Can we determine covariance parameters from the data?
\[ \mathcal{N}\left(\mathbf{ y}|\mathbf{0},\mathbf{K}\right)=\frac{1}{(2\pi)^\frac{n}{2}{\det{\mathbf{K}}^{\frac{1}{2}}}}{\exp\left(-\frac{\mathbf{ y}^{\top}\mathbf{K}^{-1}\mathbf{ y}}{2}\right)} \]

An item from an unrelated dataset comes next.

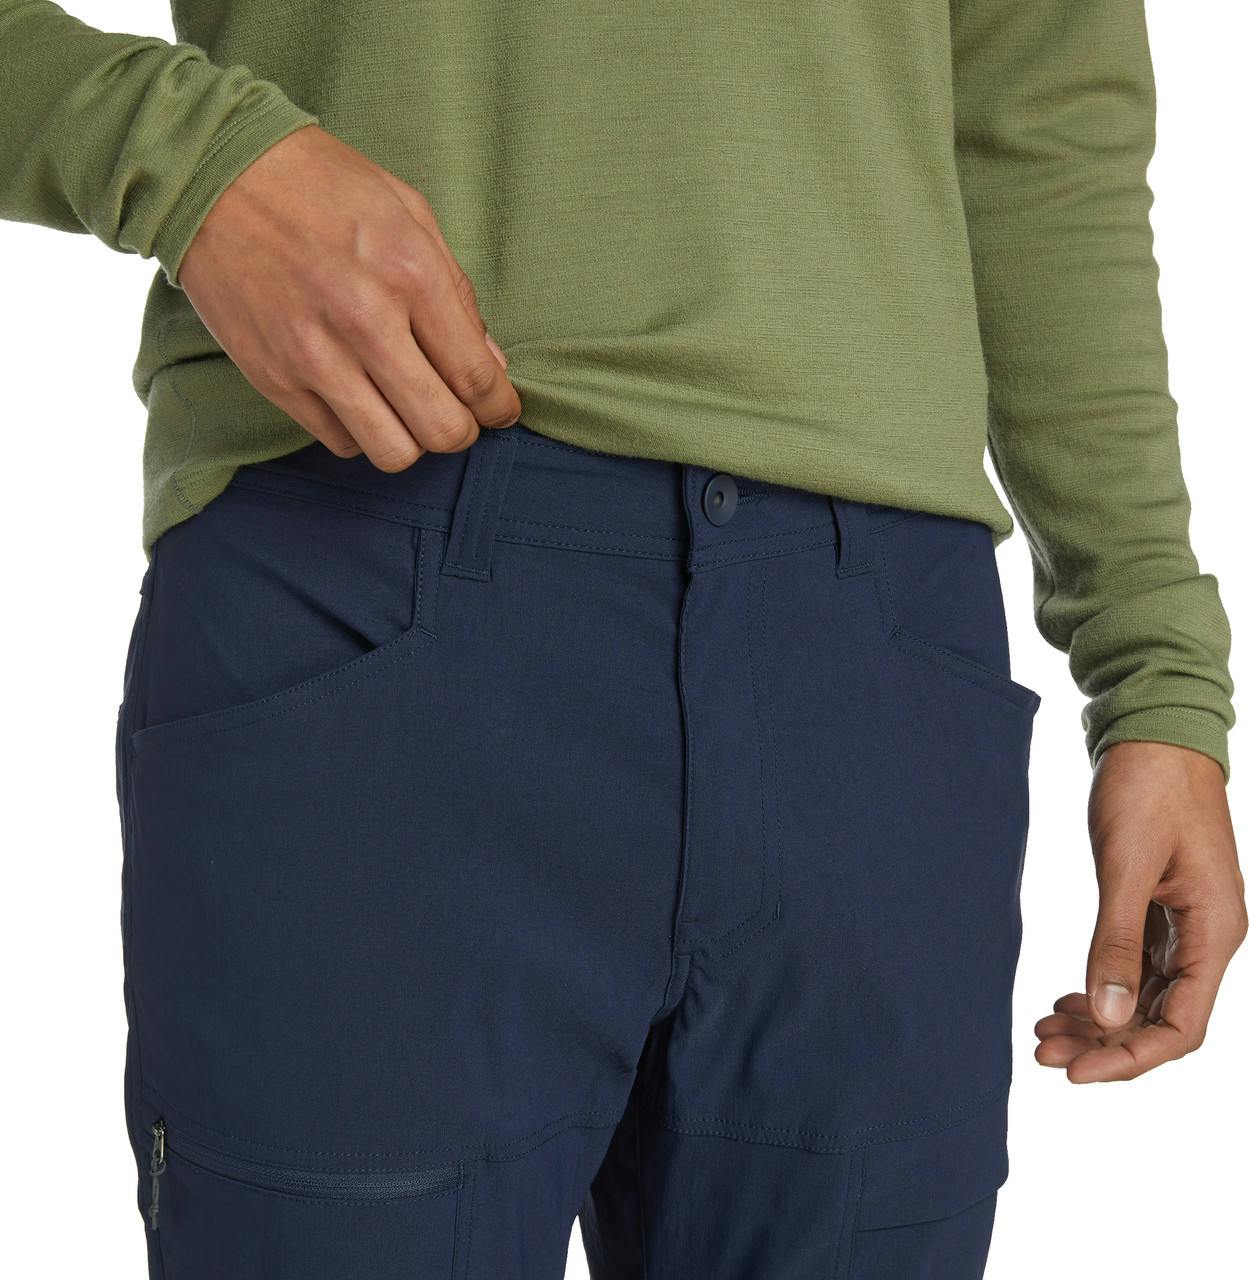 Pantalon extensible Mochilero Marine foncé
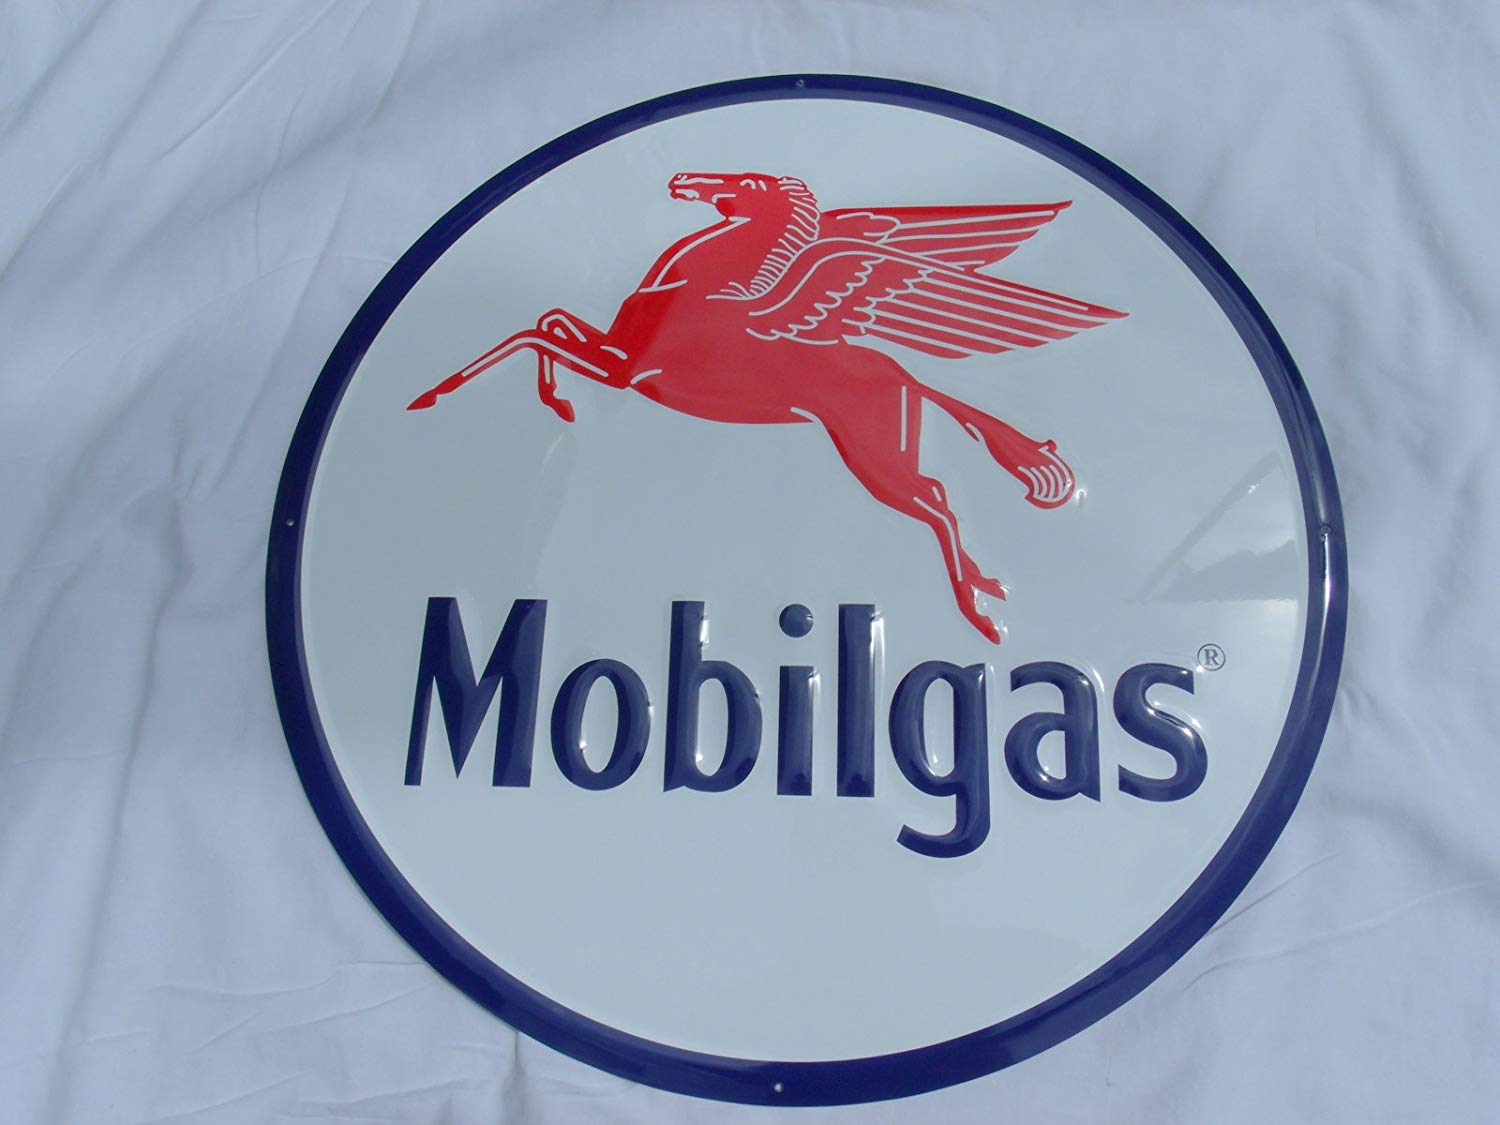 Pegasus Gas Station Logo - LARGE MOBILGAS SIGN, MOBIL GAS STATION ADVERTISING

\[ \begin{aligned} \mathcal{N}\left(\mathbf{ y}|\mathbf{0},\mathbf{K}\right)=\frac{1}{(2\pi)^\frac{n}{2}\color{yellow}{\det{\mathbf{K}}^{\frac{1}{2}}}}\color{cyan}{\exp\left(-\frac{\mathbf{ y}^{\top}\mathbf{K}^{-1}\mathbf{ y}}{2}\right)} \end{aligned} \]
\[ \begin{aligned} \log \mathcal{N}\left(\mathbf{ y}|\mathbf{0},\mathbf{K}\right)=&\color{yellow}{-\frac{1}{2}\log\det{\mathbf{K}}}\color{cyan}{-\frac{\mathbf{ y}^{\top}\mathbf{K}^{-1}\mathbf{ y}}{2}} \\ &-\frac{n}{2}\log2\pi \end{aligned} \]
\[ E(\boldsymbol{ \theta}) = \color{yellow}{\frac{1}{2}\log\det{\mathbf{K}}} + \color{cyan}{\frac{\mathbf{ y}^{\top}\mathbf{K}^{-1}\mathbf{ y}}{2}} \]
The parameters are inside the covariance function (matrix). \[k_{i, j} = k(\mathbf{ x}_i, \mathbf{ x}_j; \boldsymbol{ \theta})\]
\[\mathbf{K}= \mathbf{R}\boldsymbol{ \Lambda}^2 \mathbf{R}^\top\]
|
\(\boldsymbol{ \Lambda}\) represents distance on axes. \(\mathbf{R}\) gives rotation. |